DATA EXCERPT

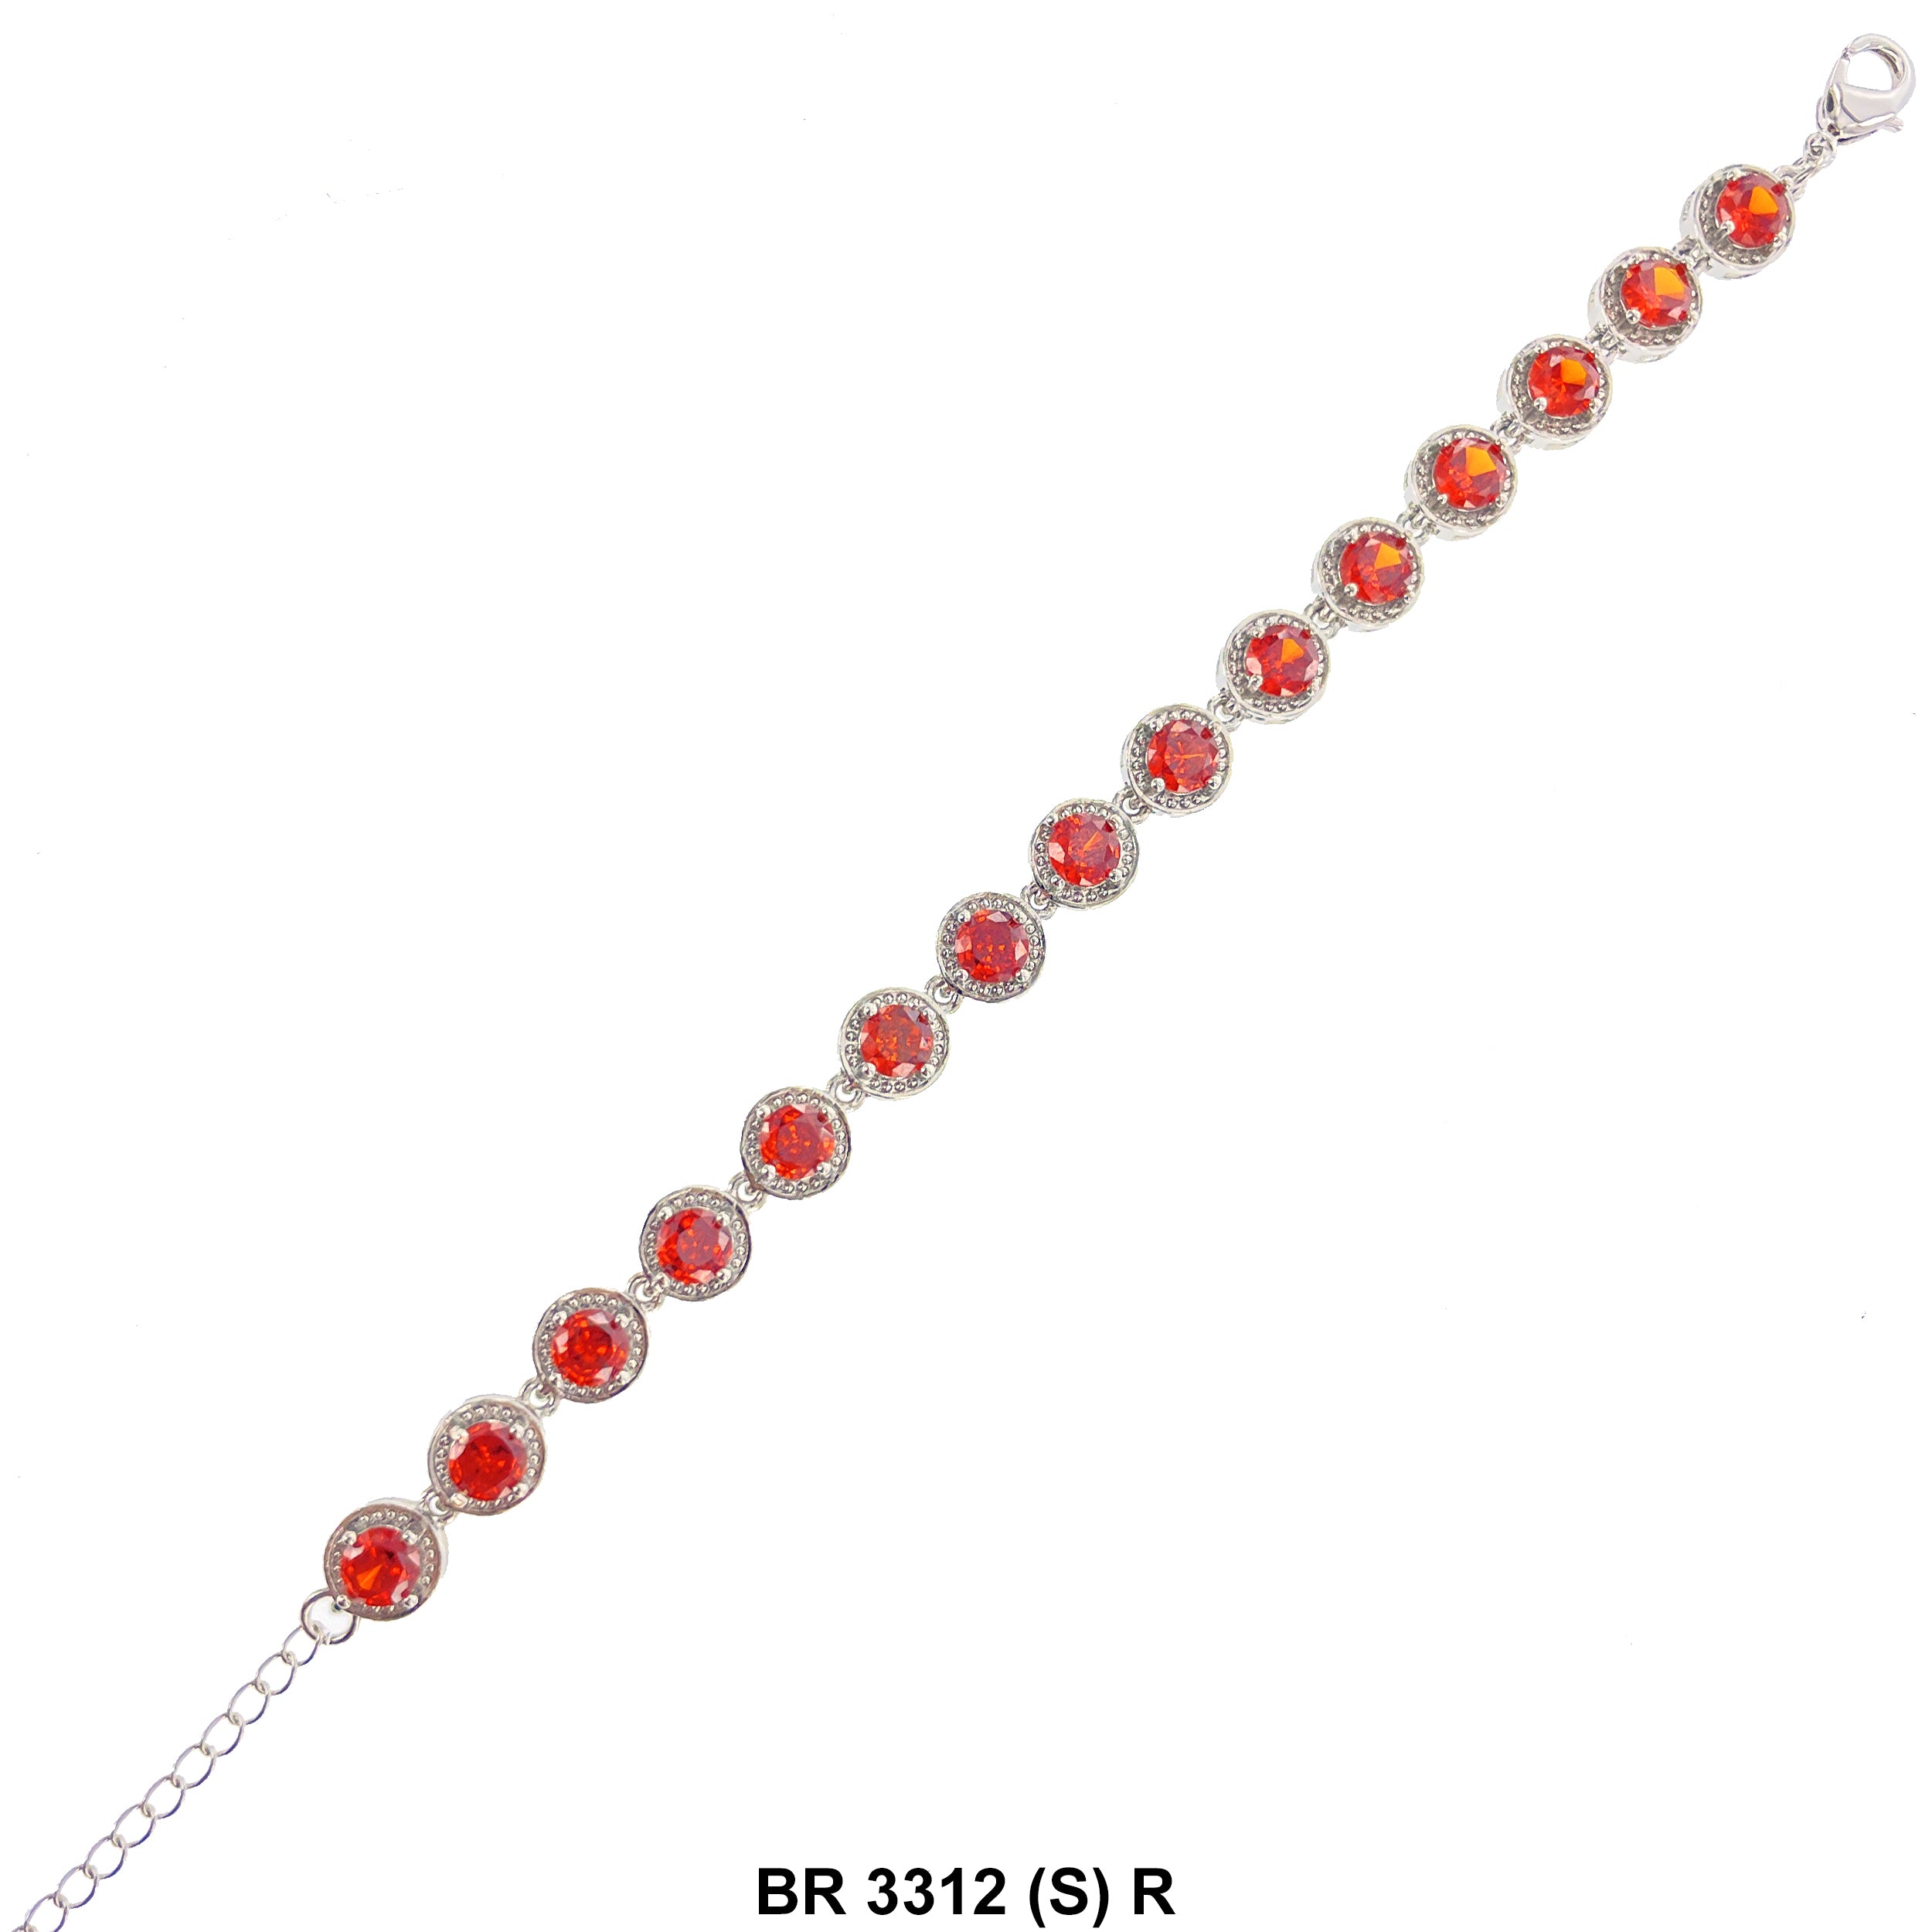 Cubic Zirconia Tennis Bracelet BR 3312 (S) R
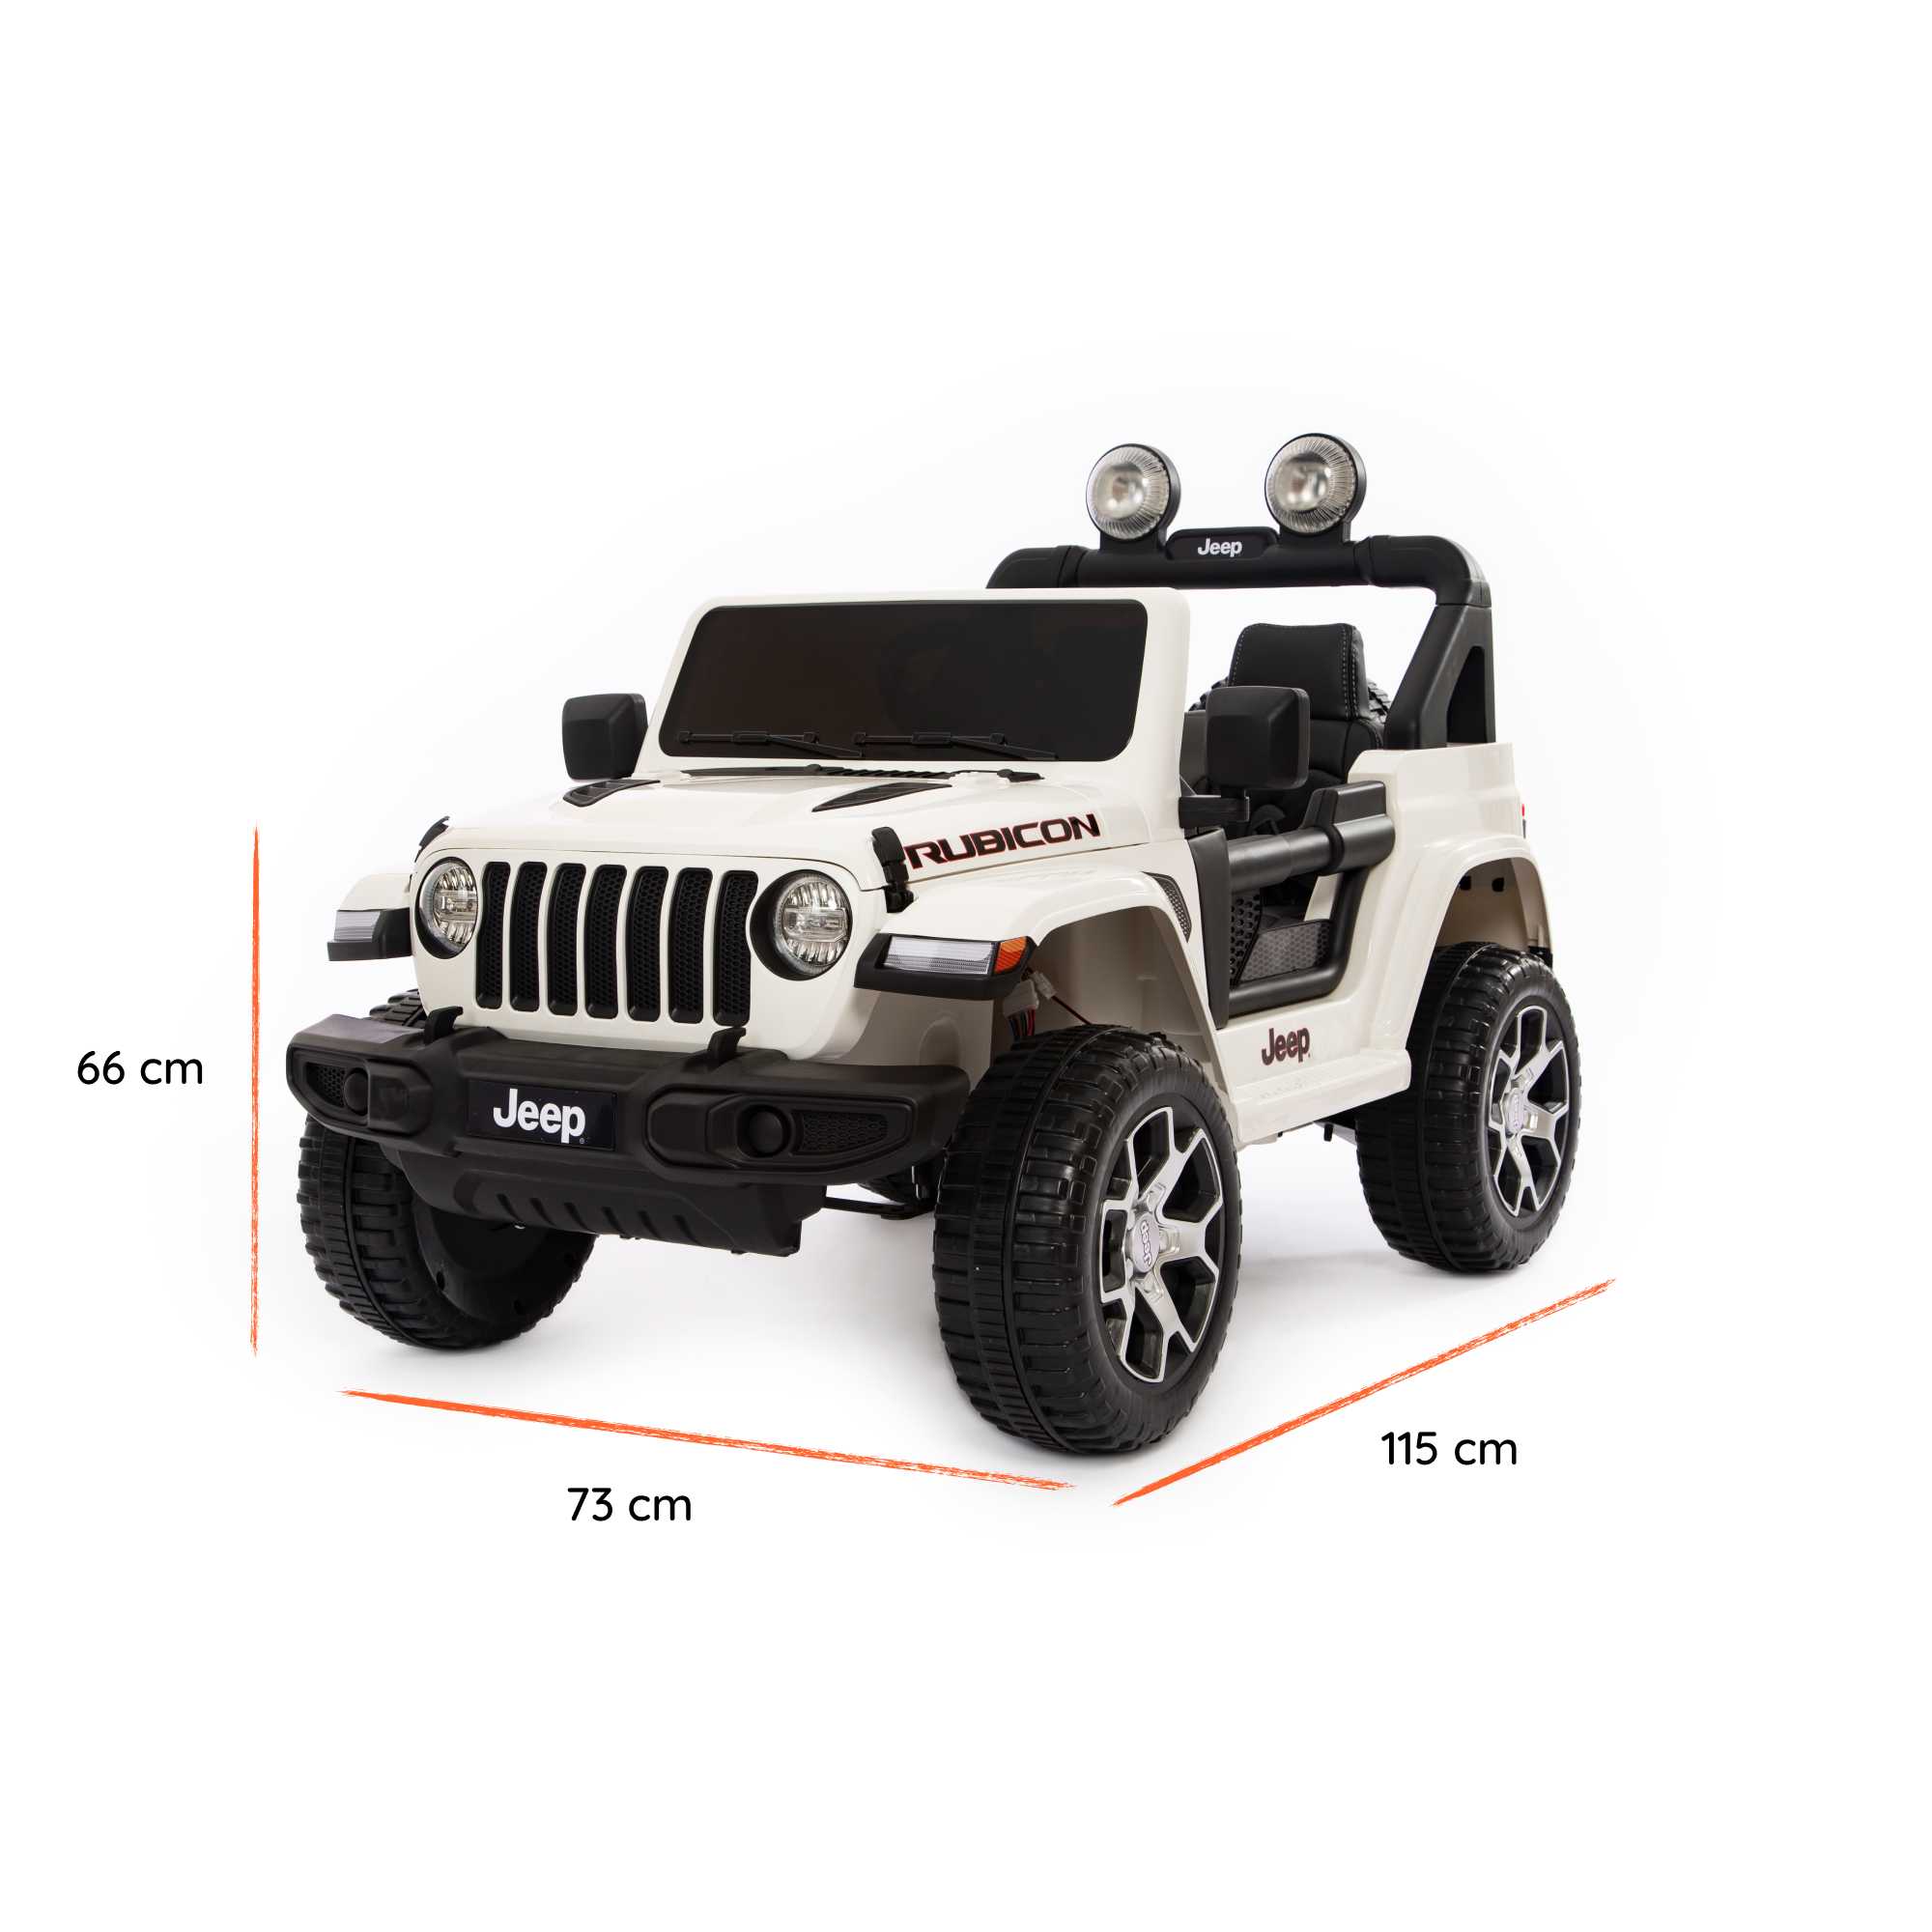 Jeep Wrangler Blanco dimensiones
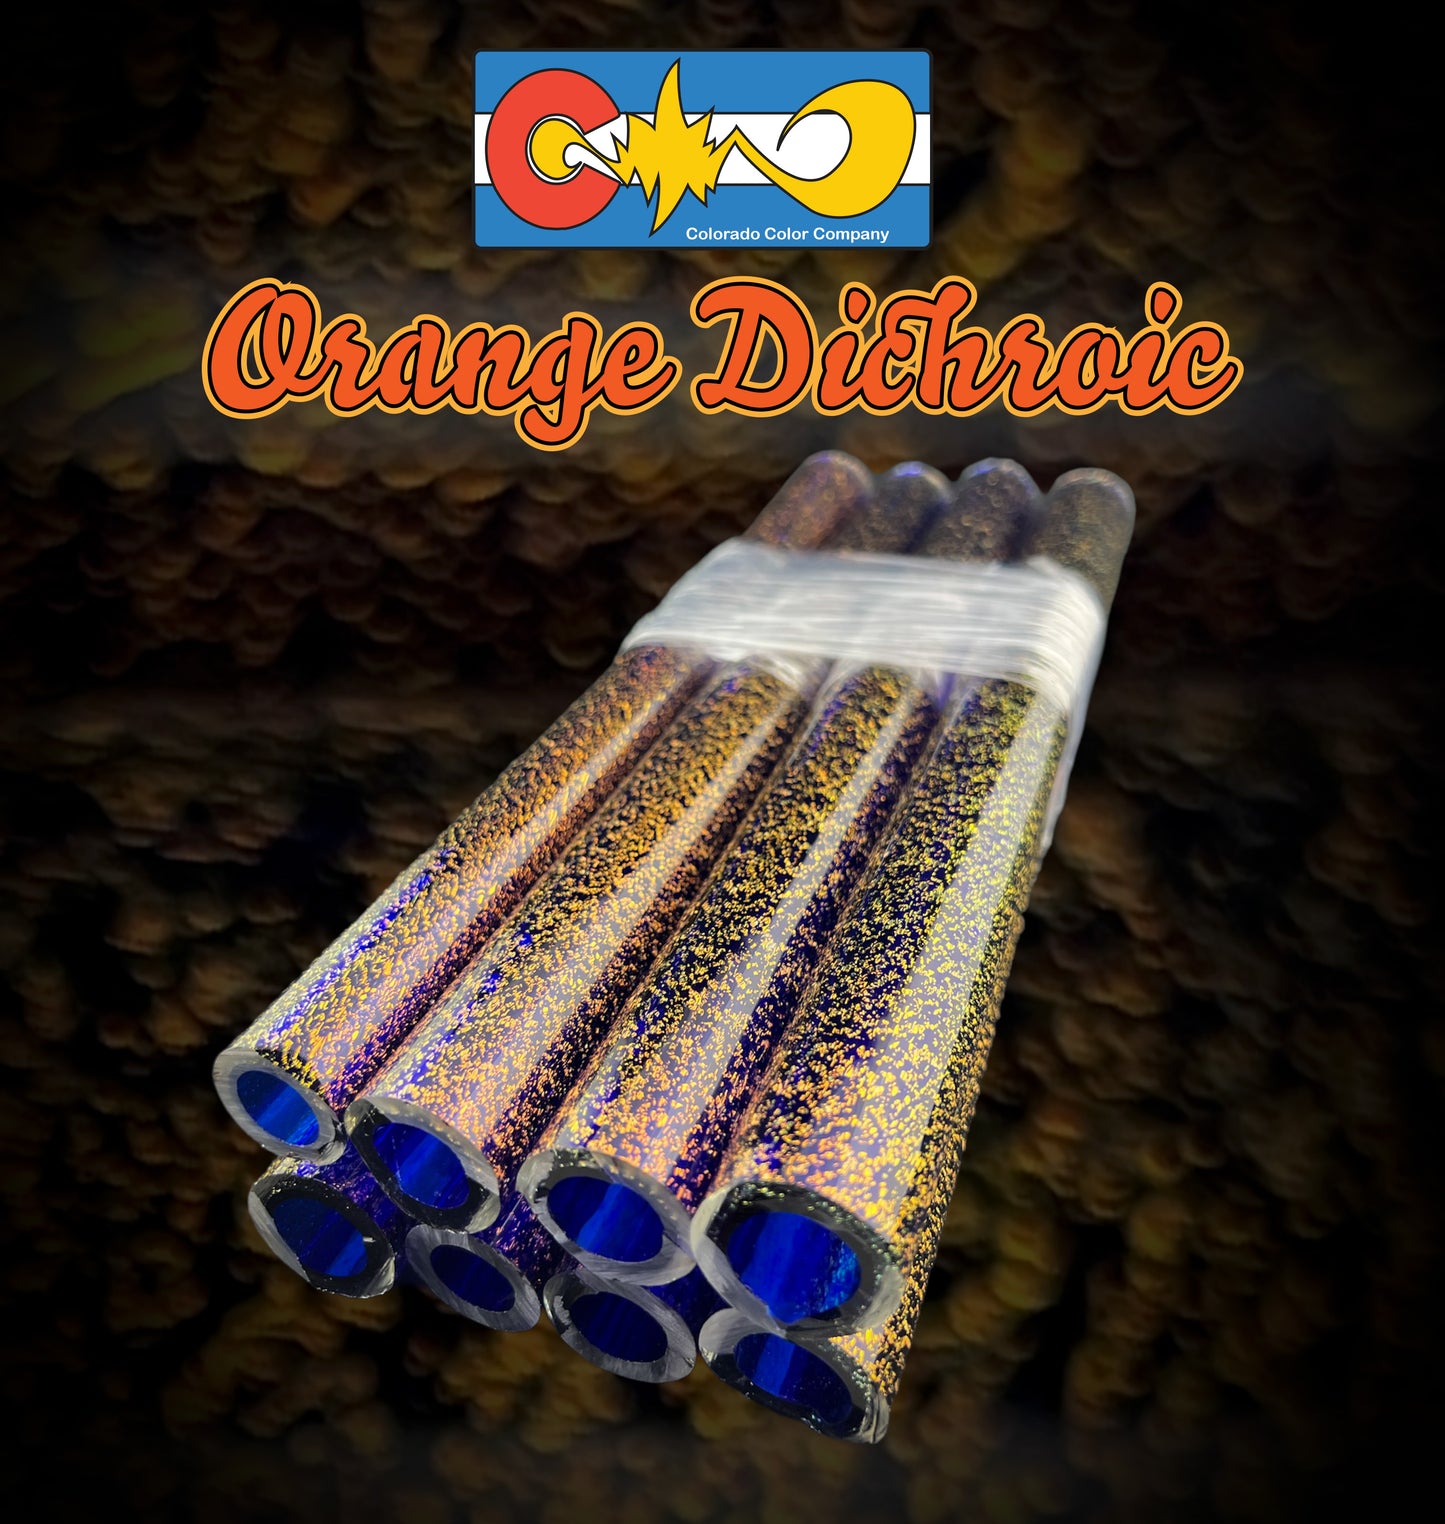 Orange Dichroic - Cobalt core layer - Borosilicate glass

REQUIRED WORK
Would you restate word for word each line from the one that holds "Jeep Wrangler Blanco dimensiones" to the end of the material, both ends included, without the pictures?

ANSWER FOR THIS EXERCISE
 Jeep Wrangler Blanco dimensiones
 Orange Dichroic - Cobalt core layer - Borosilicate glass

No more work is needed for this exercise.